Distressed Jeans and the Fabrication of Institutional Contempt


I wear blue jeans almost every day. Being a gardener, spending a lot of time weeding my vegetable patch, my jeans get worn out at the knees within a year or so and I replace them with an intact and robust pair that will protect my tender skin.  Instead of demoting the old ones to become cleaning rags, perhaps I should sell them for a fortune on e-bay as rare genuinely work-distressed garments.

There is now a huge market for manufactured distressed clothes, created by carefully calibrated machines and artisans that make new clothes look old or damaged – with precisely-placed rips on the thighs or buttocks of jeans, bullet holes through t-shirts, or jacket collars that look as though they have been nibbled by a rat. While some people distress their own brand-new clothes, many are happy to shell out even hundreds of pounds to buy pre-damaged garments sold by the big brands of the fashion industry.

A few days ago, I asked a 15-year old boy why he distresses his jeans. He thought for a while before saying that he supposed that it was because it was “fashionable” and because his friends did it. One commentator claims that people do it to “foster the illusion of work”, while another writer goes as far as saying that pre-ripped garments provide “a costume for wealthy people who see work as ironic”. I see it as a deliberately visible but fairly harmless way of signalling personal dissatisfaction with the norms that society imposes on our daily lives. Like purposefully dishevelling one’s hair, it is a means of asserting one’s non-conformity and claiming that one deserves special attention.

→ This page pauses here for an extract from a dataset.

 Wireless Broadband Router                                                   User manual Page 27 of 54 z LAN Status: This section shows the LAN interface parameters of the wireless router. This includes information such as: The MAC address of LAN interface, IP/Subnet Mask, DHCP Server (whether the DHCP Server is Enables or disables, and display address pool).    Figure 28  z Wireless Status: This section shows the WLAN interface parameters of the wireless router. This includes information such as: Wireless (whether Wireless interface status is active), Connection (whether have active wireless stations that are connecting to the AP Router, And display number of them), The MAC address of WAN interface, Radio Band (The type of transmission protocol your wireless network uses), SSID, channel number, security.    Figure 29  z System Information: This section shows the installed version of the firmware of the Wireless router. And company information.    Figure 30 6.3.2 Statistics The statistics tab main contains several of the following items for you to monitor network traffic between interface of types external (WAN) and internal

The problem arises when such non-conformity, rather than being allowed to remain a symbol of individual idiosyncrasy, is nurtured and fanned into a collective disrespect towards the institutions, laws, conventions and norms that have grown up over many years to foster a sense of common decency and mutual respect, to protect the rights and freedoms of individuals and especially minorities, to prevent crime, and to foster truthfulness and trustworthiness.

One of the most curious aspects of the present crisis facing Britain is that we have never had any serious dispute with the European Union since we joined on New Tear’s Day 1973. I suspect that it is also true that very few UK citizens can point to specific cases in which their own lives have been blighted by EU regulations. Yet, in a few months in 2016, a majority of voters was persuaded through a skilfully orchestrated campaign, backed by the massive use of social media, to call for us to leave the Union. “Take back control” and “regain sovereignty” became powerful rallying calls, even though there no evidence was put forward by the advocates of Brexit to show that we had lost any control or forfeited significant elements of sovereignty.

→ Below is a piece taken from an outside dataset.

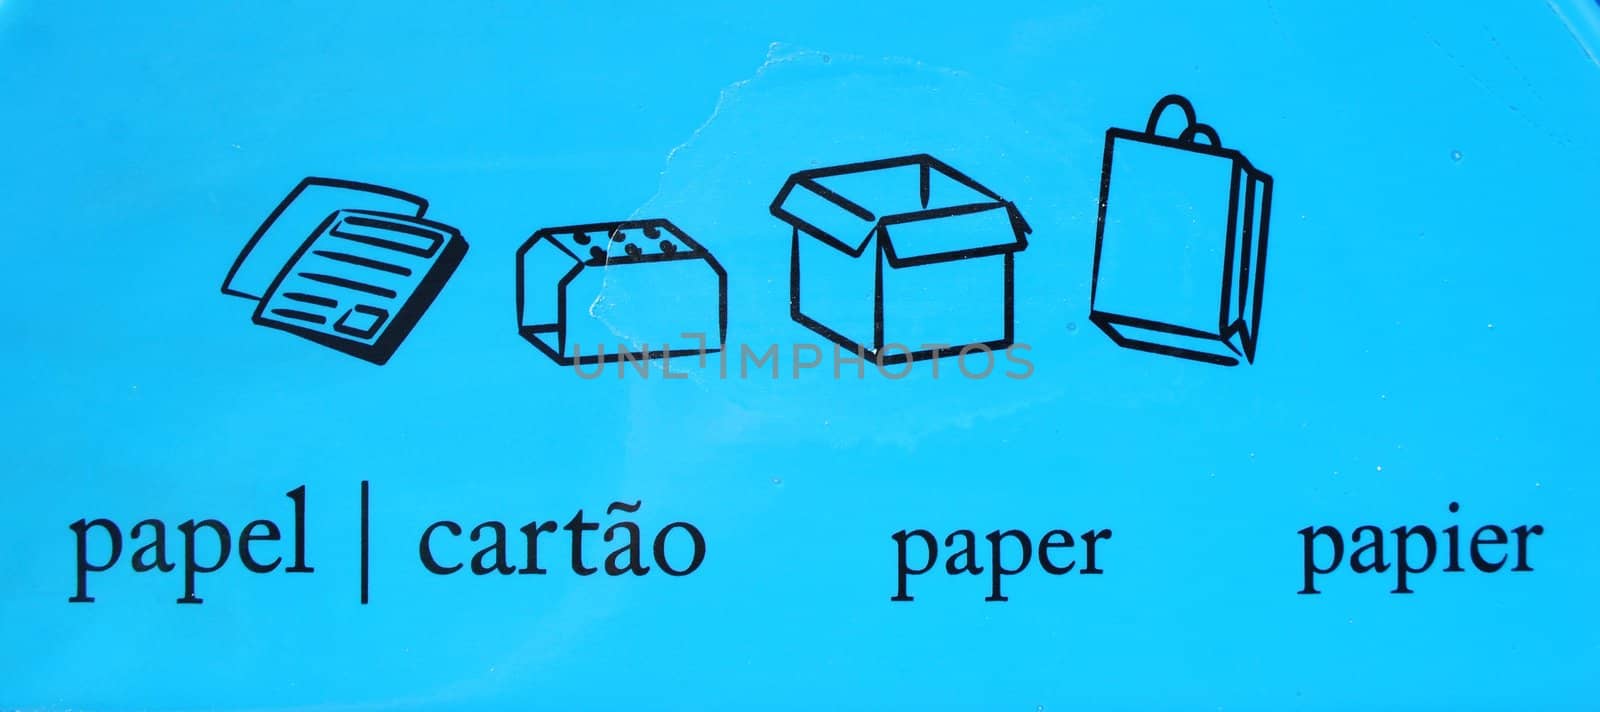 paper recycle symbols/pictures

Lots of voters were – and continue to be – rightly disaffected by their lack of self-advancement and were easily persuaded to blame this on “the bureaucrats in Brussels” and the influx of European migrants.

We are now in the contradictory situation of having a prime minister who, having called on us to uphold British sovereignty, seems to be intent undermining – or simply avoiding – scrutiny by parliament (the locus of British sovereignty) of his immensely damaging proposals for leaving the European Union without a deal.

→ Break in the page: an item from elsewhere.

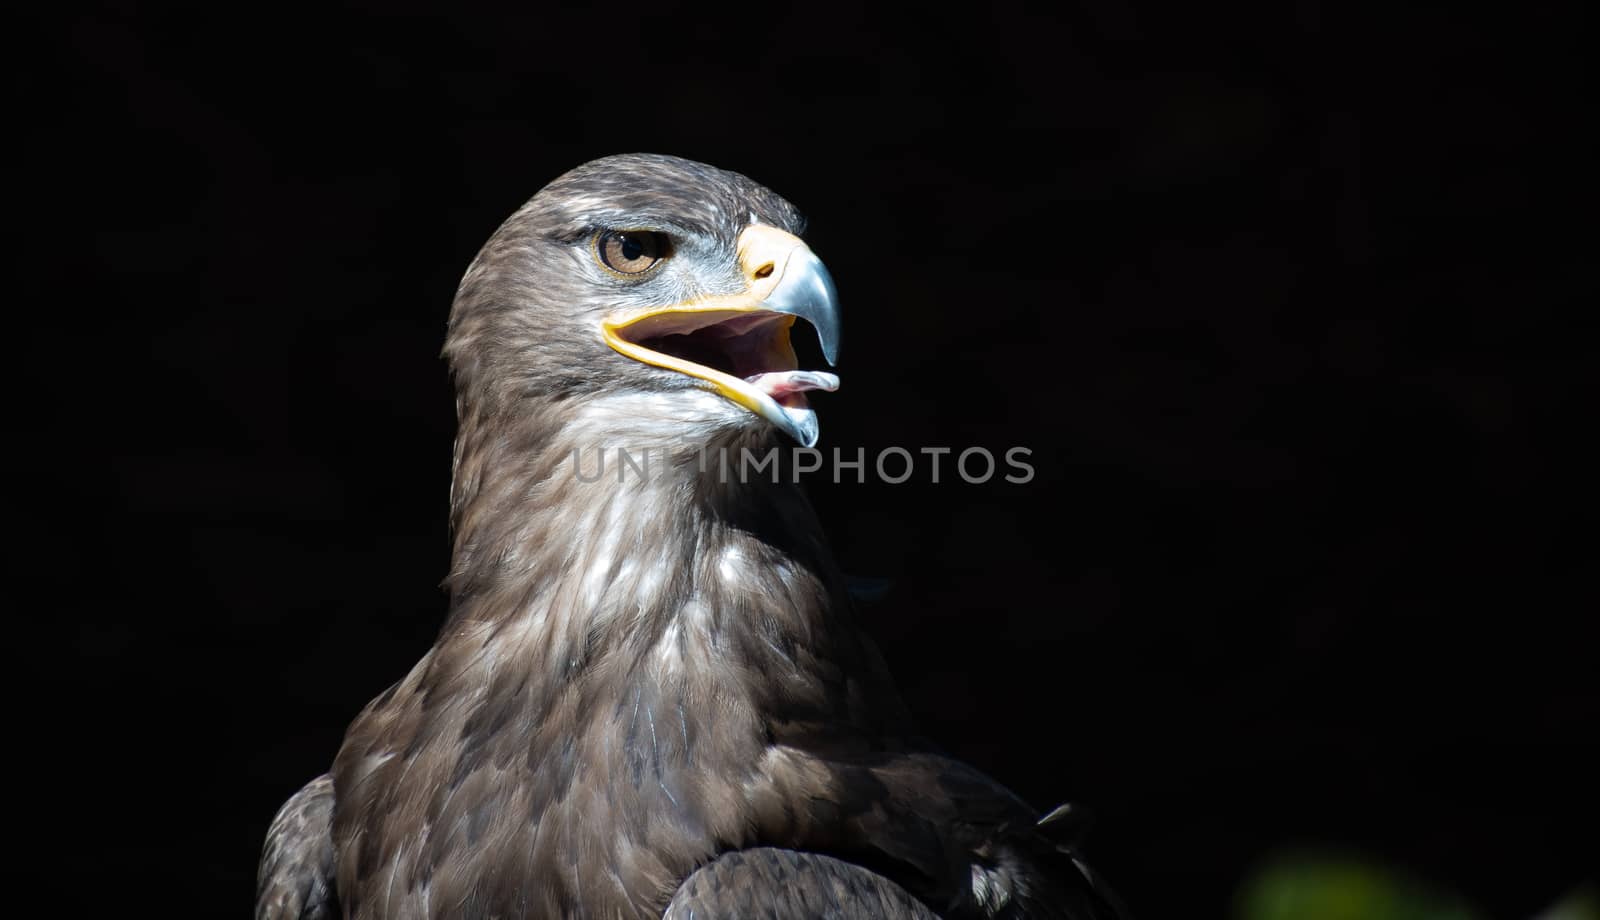 Head and shot of a Tawny Eagle on black background

What is evident is that. in this age of distressed jeans, it is much easier to drum up popular antipathy towards the public institutions – whether international or national – that shape our lives rather than to persuade people to acknowledge and defend their generally benign impacts.

The greatest danger now facing our country is that our new prime minister, driven less by his beliefs – if he has any – than by his personal ambitions, will knowingly lead us (and our children and grand-children) into a deeply self-harming future. The most obvious sign that this is his intention is that, having happily approved the use of billions of taxpayers’ pounds to finance ‘no-deal planning’, he has appears not to have given the slightest thought to the nature of the long-term relationship that he would like to see with our European neighbours. Without such a vision, he is bereft of any basis for successfully negotiating any deal with the EU.

For the past 3 years the Conservatives have failed to make a convincing response to the result of the 2016 referendum. If only by prolonging uncertainty, this failure has already done immense economic harm to our country: it has undermined the respect that other nations hold for us; it has fostered deep divisions between people who have happily coexisted in the past, and it has put at risk the integrity of the United Kingdom.

We are now engulfed in a national crisis of unprecedented proportions which has been created by the present government and from which it is patently incapable of extracting us. It lies within the reach of MPs who are opposed to a no-deal Brexit to defeat the government in a no confidence vote that would sooner or later lead to either a general election or a referendum.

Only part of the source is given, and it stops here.